Позывы в направлении механистического мышления о мире, которое базировалось бы всецело на математическом ограничении, логическом различении, на законе и причинности, дают о себе знать очень рано. С ними приходится сталкиваться в первые столетия всех культур – пока что со слабыми, разрозненными, тонущими в гуще религиозного мировоззрения. Здесь можно было бы назвать Роджера Бэкона. Уже вскоре эти попытки принимают более строгий характер; как и все духовные завоевания, которым постоянно грозит опасность со стороны человеческой природы, они не испытывают недостатка в претензиях на господство и исключительность. И вот уже незаметно царство пространственно-понятийного (ибо понятия по самой своей сути являются числами, имеющими чисто количественные свойства) пронизывает внешний мир каждого человека, порождает в простых впечатлениях чувственной жизни (а заодно с ними и в их основах) механическую взаимосвязь каузального и количественно узаконенного характера и в конце концов подчиняет бодрствующее сознание культурного человека больших городов (будь то в египетских Фивах или Вавилоне, в Бенаресе, Александрии или западноевропейских мировых столицах) столь неотступному принуждению со стороны мышления, оперирующего законами природы, что предубеждение всей философии и науки (а это несомненно предубеждение) почти не встречает возражений, так что продолжает считаться, что это состояние и есть сам человеческий дух, а его отражение, механическая картина окружающего мира – это и есть сам мир. Логики вроде Аристотеля и Канта сделали это воззрение господствующим, однако Платон и Гёте его опровергают.

4

Великая задача познания мира, становящаяся у людей высших культур потребностью, своего рода проникновение в собственное существование, обязанность к чему ощущается ими как перед самими собой, так и в отношении культуры, вне зависимости от того, будем ли мы называть соответствующие процедуры наукой или философией, будем ли с внутренней несомненностью воспринимать их родство с художественным творчеством и религиозной интуицией или его оспаривать, – задача эта в любом случае, несомненно, остается одной и той же: представить во всей чистоте предопределенный бодрствованию отдельного человека язык форм картины мира, который он, пока не сравнивает, неизбежно должен считать за сам

мир.

Ввиду различия природы и истории эта задача должна быть двойственной. Та и другая говорят на своем собственном, отличающемся во всех отношениях языке форм; в картине мира неопределенного характера – как оно чаще всего и бывает в повседневной жизни – тот и другой вполне могут накладываться друг на друга и искажаться, однако никогда они не сливаются во внутреннее единство.

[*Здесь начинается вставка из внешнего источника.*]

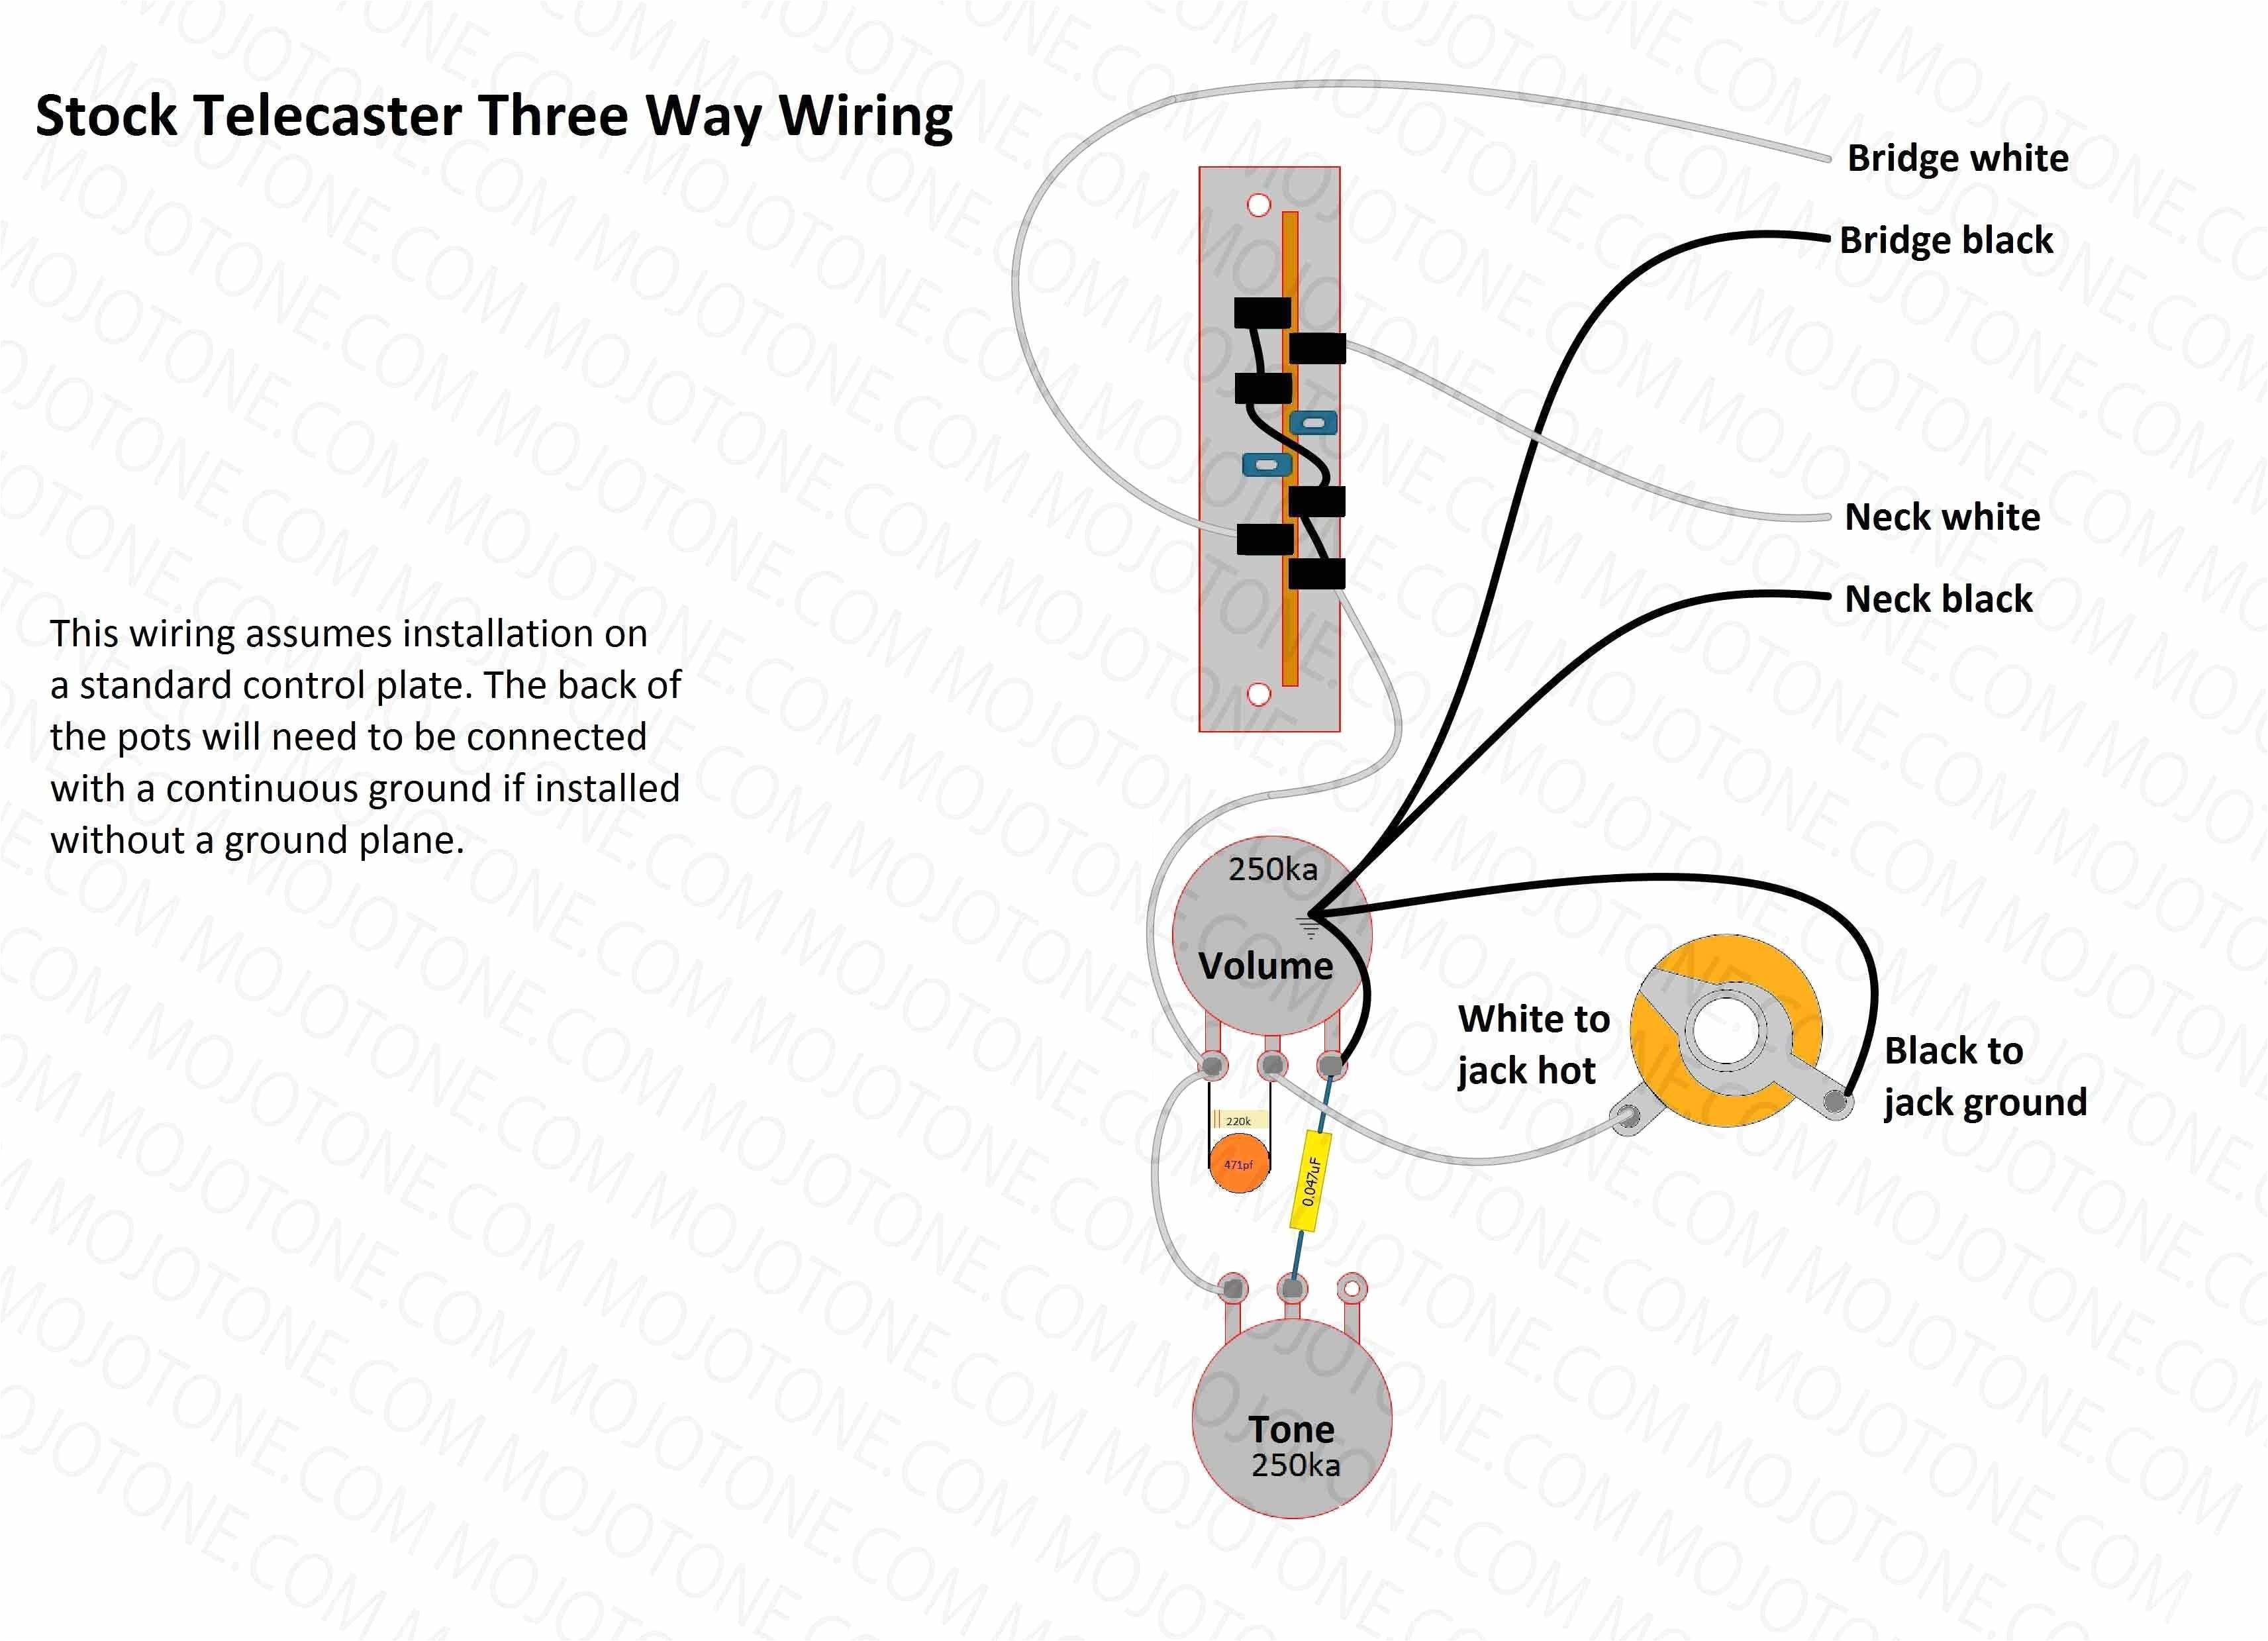 sh telecaster wiring diagram wiring diagram viewfender fsr telecaster wiring diagram wiring diagram description baja telecaster

Направление и распространение – вот господствующие характеристики, которыми различаются историческое и природное впечатление. Человек вообще не в состоянии одновременно дать ход формирующему воздействию того и другого. У слова «даль» – красноречивый двойной смысл. В одном случае оно означает будущее, в другом – пространственное расстояние. Отметим, что исторический материалист почти неизбежно воспринимает время как математическое измерение. Для прирожденного художника (что доказывается лирикой всех народов), напротив, даль пейзажа, облака, горизонт, садящееся солнце – все это оказывается впечатлениями, связывающимися сами собой с ощущением чего-то будущего. Греческий поэт отрицает будущее, а следовательно, он ничего этого не видит и не воспевает. Поскольку он всецело принадлежит настоящему, он всецело принадлежит также и близи. Естествоиспытатель, творческий рассудочный человек в собственном смысле этого слова, будь то экспериментатор, как Фарадей, теоретик, как Галилей, или математик, как Ньютон, сталкивается в своем мире лишь с лишенными направления

количествами, которые он меряет, поверяет и упорядочивает. Исключительно количественное подлежит ухватыванию числами, определено каузально, может быть сделано доступно в понятийном смысле и сформулировано в виде закона. Тем самым возможности всякого чистого познания природы оказываются исчерпанными. Все законы представляют собой количественные зависимости, или, как сказал бы физик, все физические процессы протекают в пространстве. Античный же физик, исходя из античного, отрицающего пространство мироощущения, выразил бы то же самое – не меняя существа факта – в том смысле, что все процессы «протекают между телами».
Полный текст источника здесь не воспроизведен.